L'adjectif "long" vient quelquefois avant le nom, et quelquefois après.  Quand l'un, quand l'autre?

Mnemosyne


----------



## le chat noir

Errr... That would be the object of a full grammar chapter, really. Maybe something more specific?


----------



## SwissPete

Indeed! But I can tell you that _long_ could not be anywhere else here: « Les sanglots longs des violons de l’automne blessent mon coeur d’une langueur monotone… »


----------



## le chat noir

Err (bis)... Should we put "longs" in front of "sanglots", would the Earth stop spinning?
I mean ok, it would not be Verlaine's poem anymore but that would still be gramatically correct and make perfect sense. Besides, poetry is not the most advisable field for learning basic syntax, you are bound to encounter a lot of unusual or even irregular constructs due to poetic license.

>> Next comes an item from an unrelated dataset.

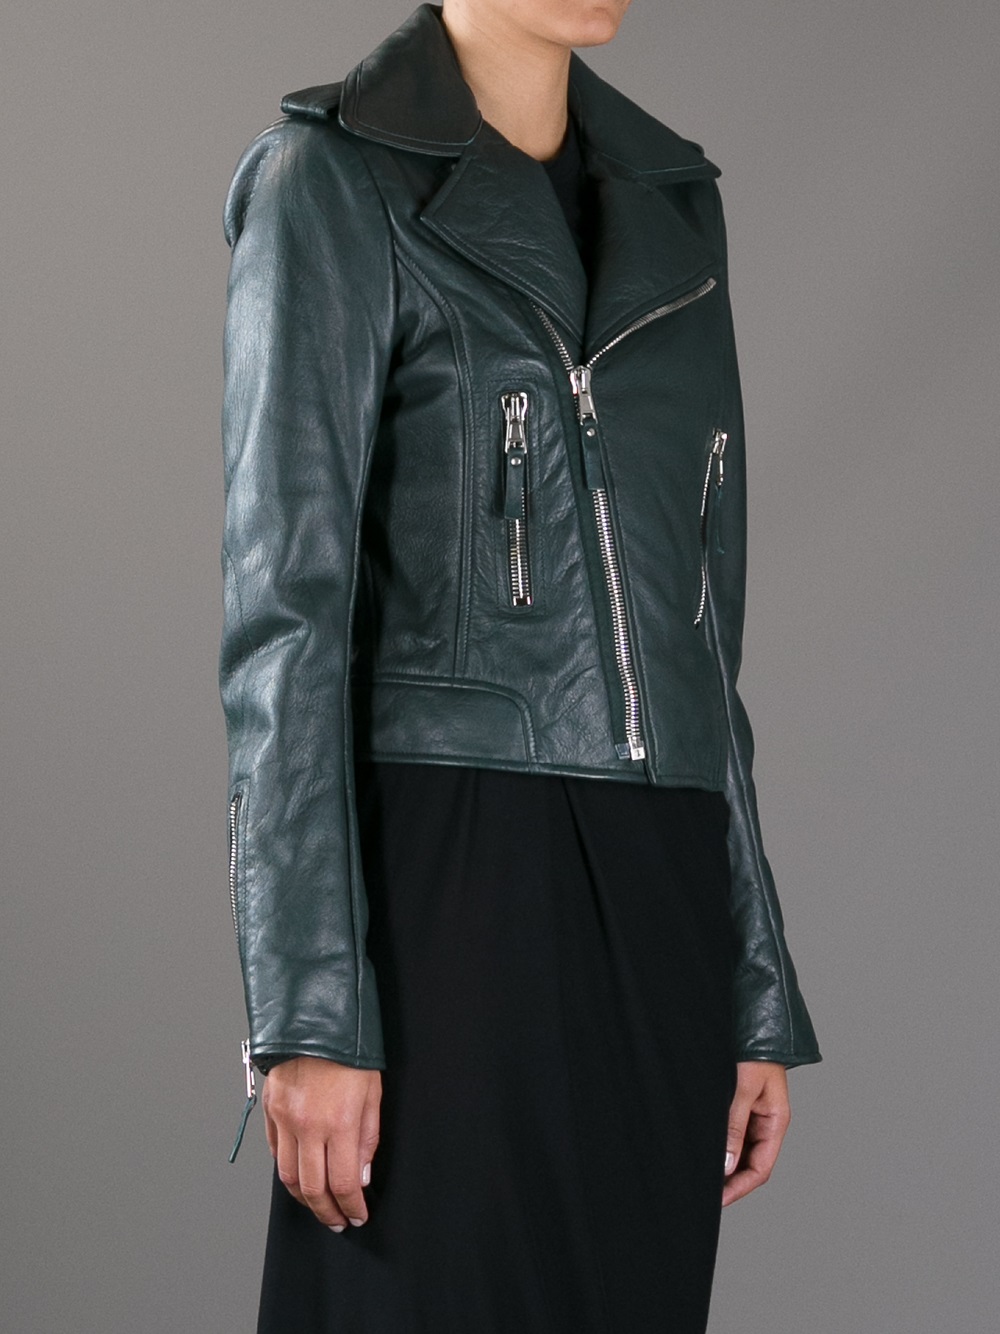 Balenciaga Leather Jacket in Green - Lyst

Yet again, it would probably impossible, seemingly pointless and certainly tedious to try and come up with every possible use of "long". Or did I miss the point somewhere?


----------



## marcolo

Yeah, usually we say that if the adjective has less syllables than the noun, the adjective is placed before the noun. Of course, there are lots of exceptions ...

I agree with le chat noir, "les longs sanglots" in a normal text is even more correct than "les sanglots longs " !! 
Of course, on this poem, you have to consider poetic issues, and it sounds better because "longs" is nearer from "violons", and you have a pleasant effect...

Most of the time, I would say that "long" will be before the noun, because there is only one syllable ... Again, it depends the noun, the sentence, etc ..


----------



## SwissPete

le chat noir said:


> Err (bis)... Should we put "longs" in front of "sanglots", would the Earth stop spinning?
> I mean ok, it would not be Verlaine's poem anymore but that would still be gramatically correct and make perfect sense. Besides, poetry is not the most advisable field for learning basic syntax, you are bound to encounter a lot of unusual or even irregular constructs due to poetic license.


Points well taken . My quoting Verlaine is not the smartest thing I did today...


----------



## le chat noir

Sorry, I did not mean to be rude. I was just trying to point out the difference between the language knowledge needed to discuss the syntax of a poem and the basic level of the initial request. meow?


----------



## mnewcomb71

I have never heard of the syllables being important in the placement of adjectives. I think that I would have to disagree.
In this sentence:

There are nine million three hundred thousand six hundred twenty two maps.

The adjective is much longer than the noun and even in French, it is placed before.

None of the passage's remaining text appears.